WHAT TO WORK ON.
Pictures aside, repeat the listing below exactly.

AVAILABLE DATA.
- Opening Delimiter -

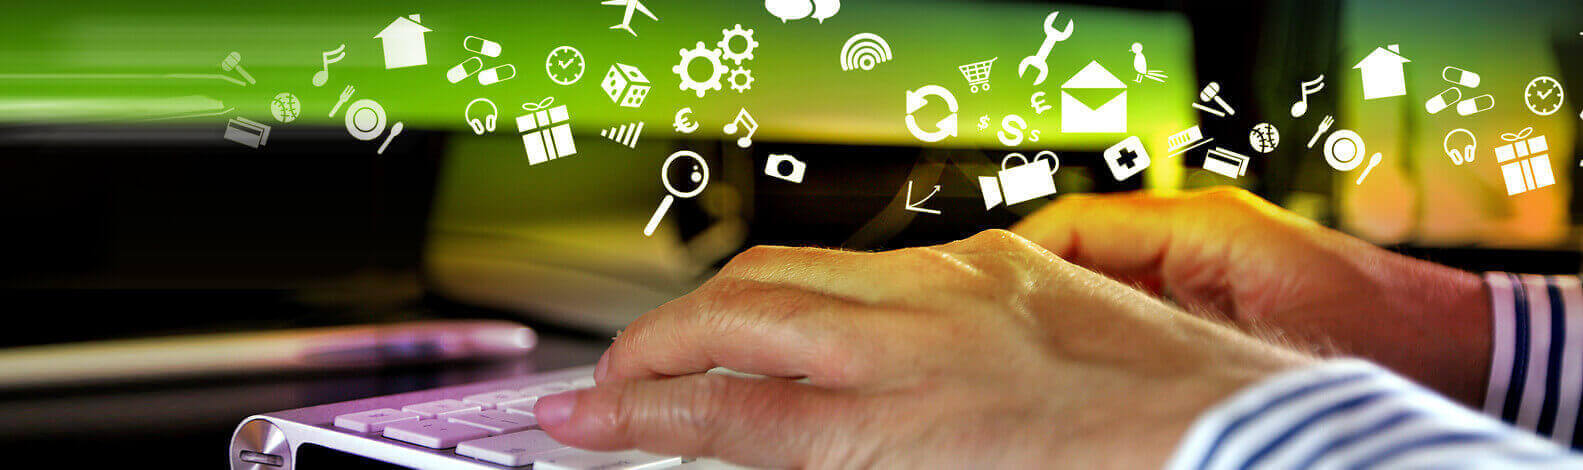 Portal & Mobile Application Development
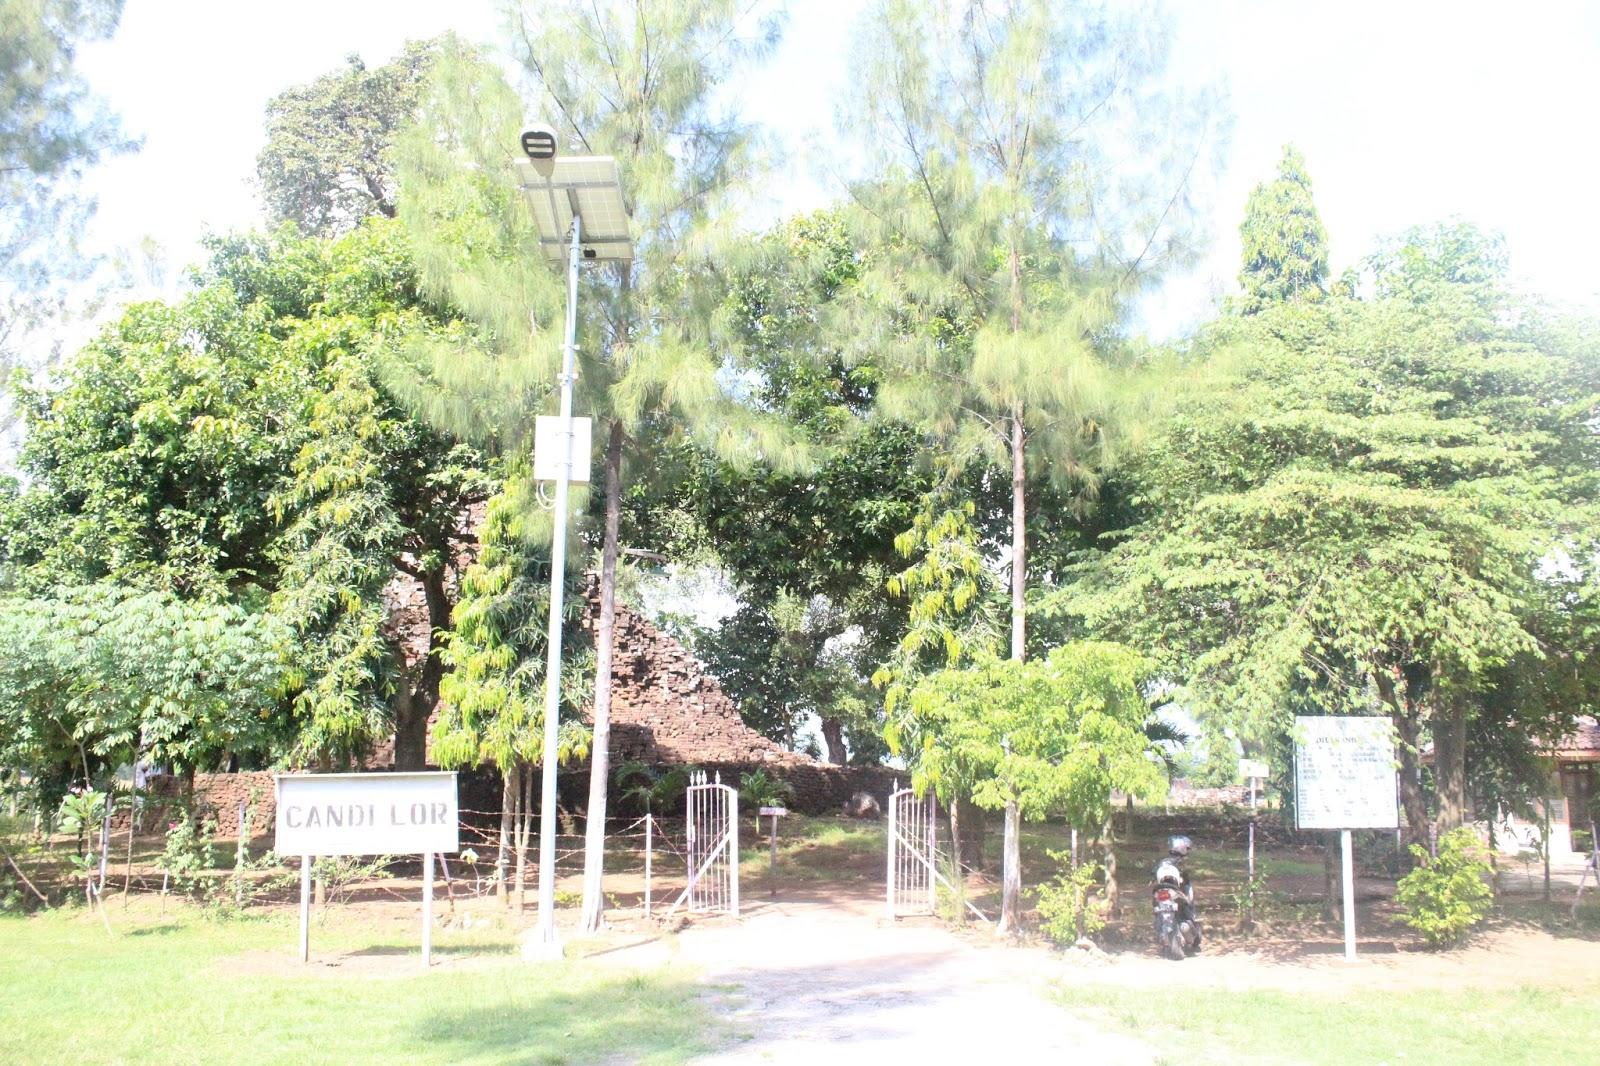 Candi Tertua Lor Kota Kabupaten Nganjuk Wisata Tempat Sejarah Pun
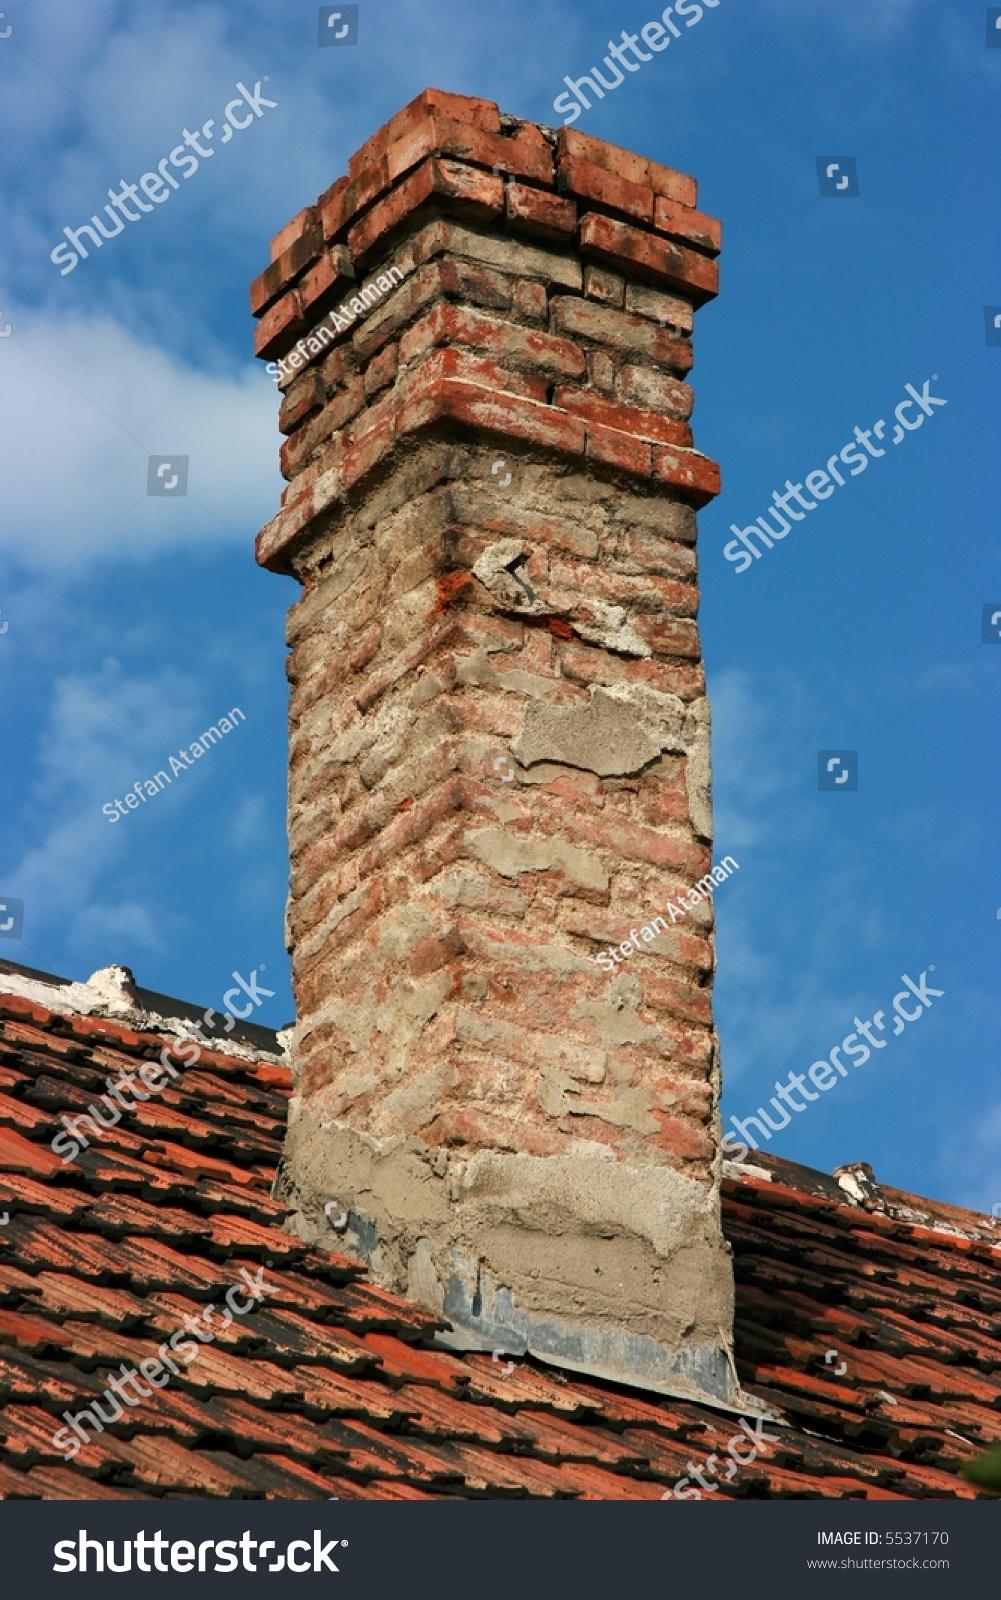 Brick Chimney Stock Photo 5537170 Shutterstock
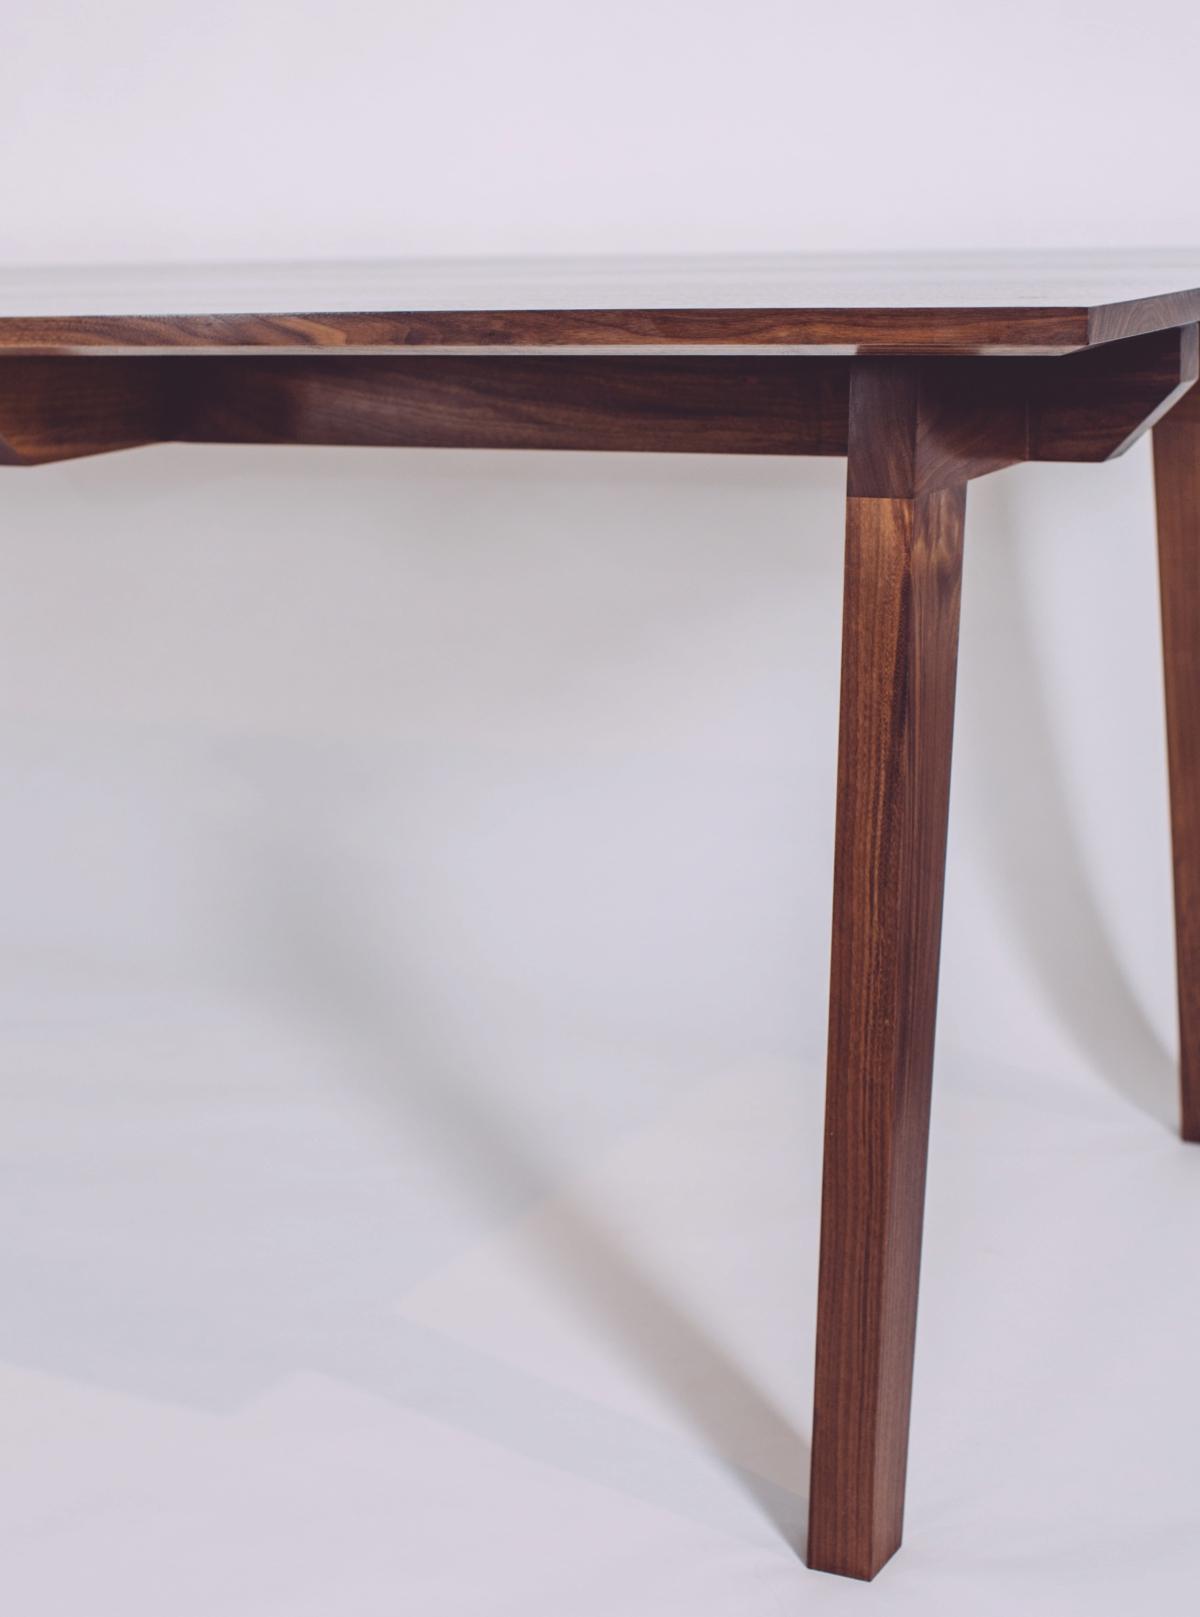 skana table_192356.jpg

- Closing Delimiter -

RESPONSE FOR THIS EXERCISE.
 Portal & Mobile Application Development
 Candi Tertua Lor Kota Kabupaten Nganjuk Wisata Tempat Sejarah Pun
 Brick Chimney Stock Photo 5537170 Shutterstock
 skana table_192356.jpg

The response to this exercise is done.